Venía de un cómic ligero publicado por Hayao Miyazaki en una revista sobre modelismo y su adaptación fue financiada originalmente por Japan Airlines como cortometraje publicitario. Pero “Porco Rosso” acabó empapándose de la lentitud perezosa de las tardes de verano, o quizás de la gravedad del contexto en que se desarrolla su historia, una oscuridad perfectamente escondida por la luz del Adriático. Porque los años de la Gran Guerra son también recordados como la Belle Époque. La cuestión es que en 1992, cuando los Balcanes ardían, Miyazaki estrenó un clásico político, solemne y malhablado. Una película que también fue la más taquillera del año en Japón, pero que ha pervivido como meditación honda alrededor del peso ambivalente de la vocación y el recuerdo.
Algo sucedió para que Marco Pagot despertara un día convertido en cerdo.
Años atrás, Marco, entonces piloto de la Marina italiana, sobrevivió a todos sus compañeros de pelotón; vivió casi sin pensarlo, igual que volaba. Hoy, habiéndose despojado de cualquier proyecto político o personal más allá de la punta de sus alerones, se entrega al vuelo porque «un cerdo que no vuela es solo un cerdo». Volar, en cualquier caso, es lo único que es propio de Marco, abandonado al disfraz fácil de Porco Rosso. Bajo ese seudónimo se le conoce entre las islas italianas de entreguerras, cuando solo las pesquisas de carnavalescos grupos de piratas aéreos (la banda de los Mamma Aiuto) traen de cabeza a la población local. Como si se mofaran de sí mismos, esta tropa ha contratado a un Errol Flynn bastante desmejorado por los años, el único hombre que se dice capaz de derrotar al aviador porcino. Y así les encontraremos, persiguiéndose bravucones, medio en broma, por playas tranquilas y aguas cristalinas.
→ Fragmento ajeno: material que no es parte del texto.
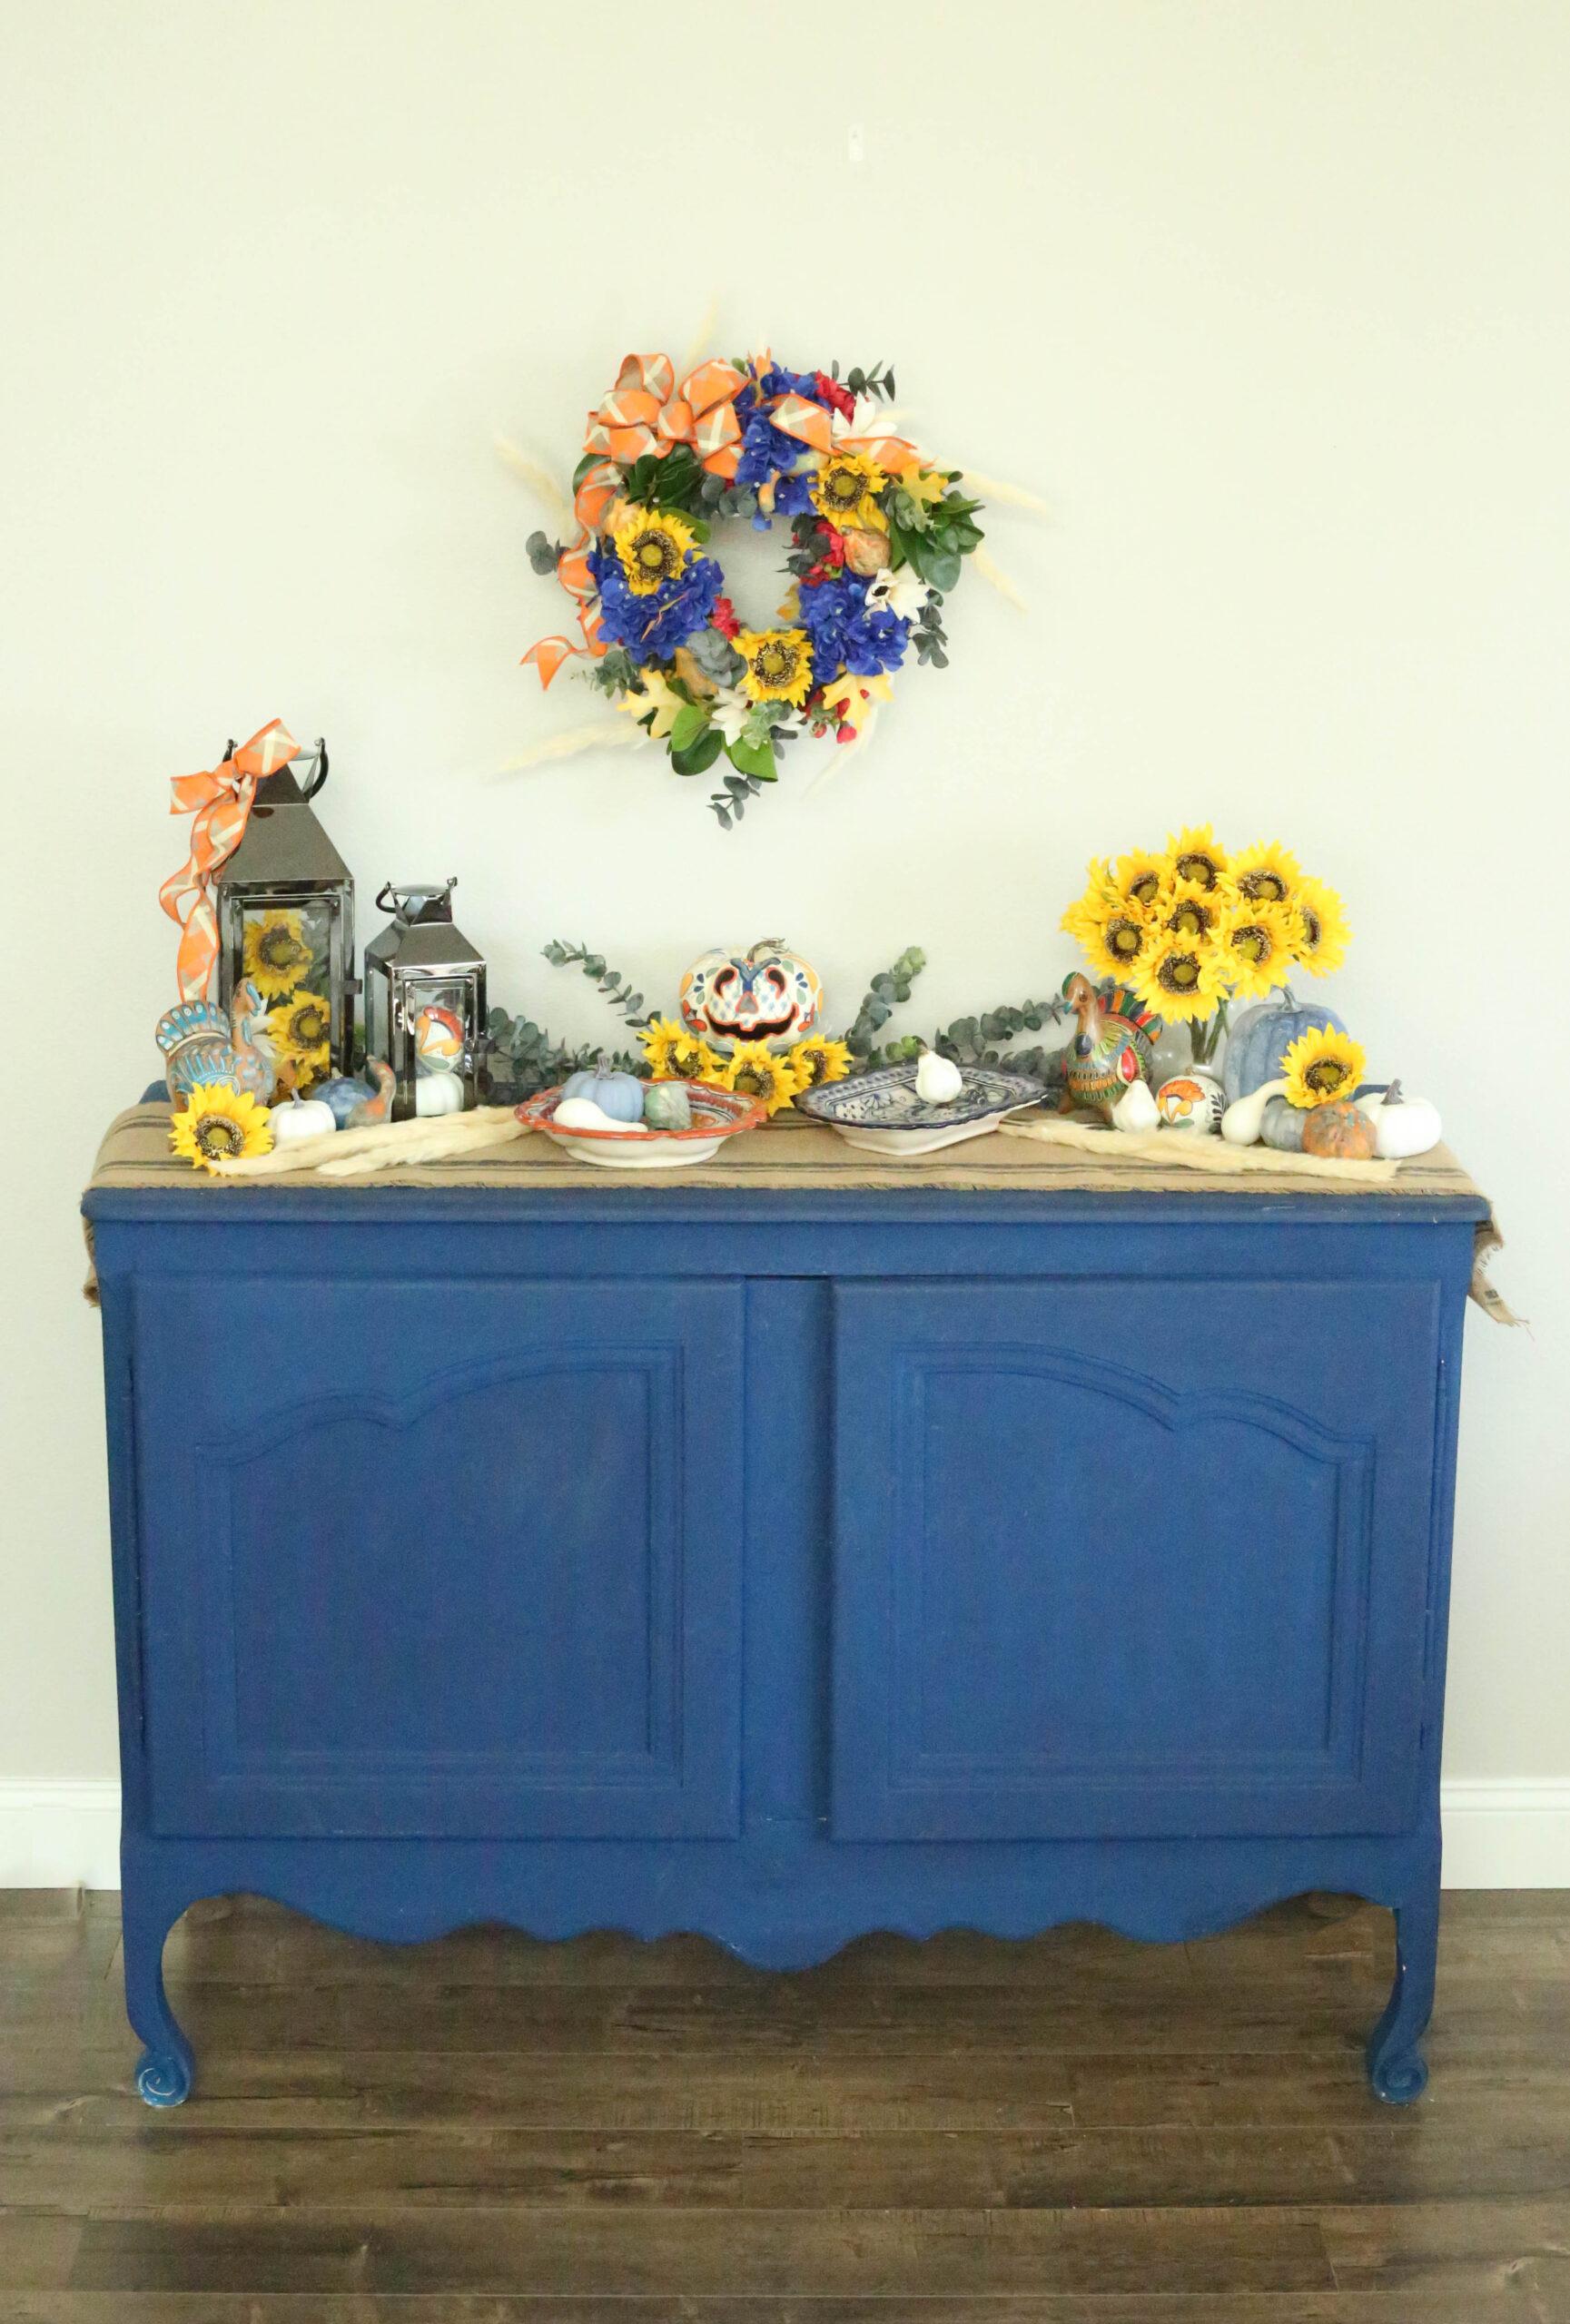 cobalt blue buffet with thanksgiving decor

Porque hace calor, en el cine echan dibujos de Walt Disney y Windsor McCay, y todo el mundo parece andar disfrazado. El cerdo Porco ha lapidado la identidad real de Marco Pagot, por cierto, homenaje a los fratelli Pagot, pioneros de la animación italiana. Incluso Porco sobreactúa su rol de vigilante desencantado: fuma cigarrillos Gitanes y viste la gabardina de Humphrey Bogart en Casablanca (Michael Curtiz), otro cóctel de idealismo y desencanto a partes iguales. A Marco, solo lo ve Gina, la bellísima madame que regenta el Hotel Adriano y que despierta el recuerdo triste de Marilyn Monroe cantando en el “Río sin retorno” de Otto Preminger (1954). Aquí Gina entona “Les temps de cerises”, vieja canción de Jean-Baptiste Clément que servía de homenaje a todos los sueños enterrados bajo la Comuna de París. Los fantasmas no descansan en verano.
Pero “antes cerdo que fascista”, replica Porco, cuando un amigo le ruega entregarse antes de que la Policía lo incaute por traidor. La nostalgia y la pereza no son excusas para la inacción.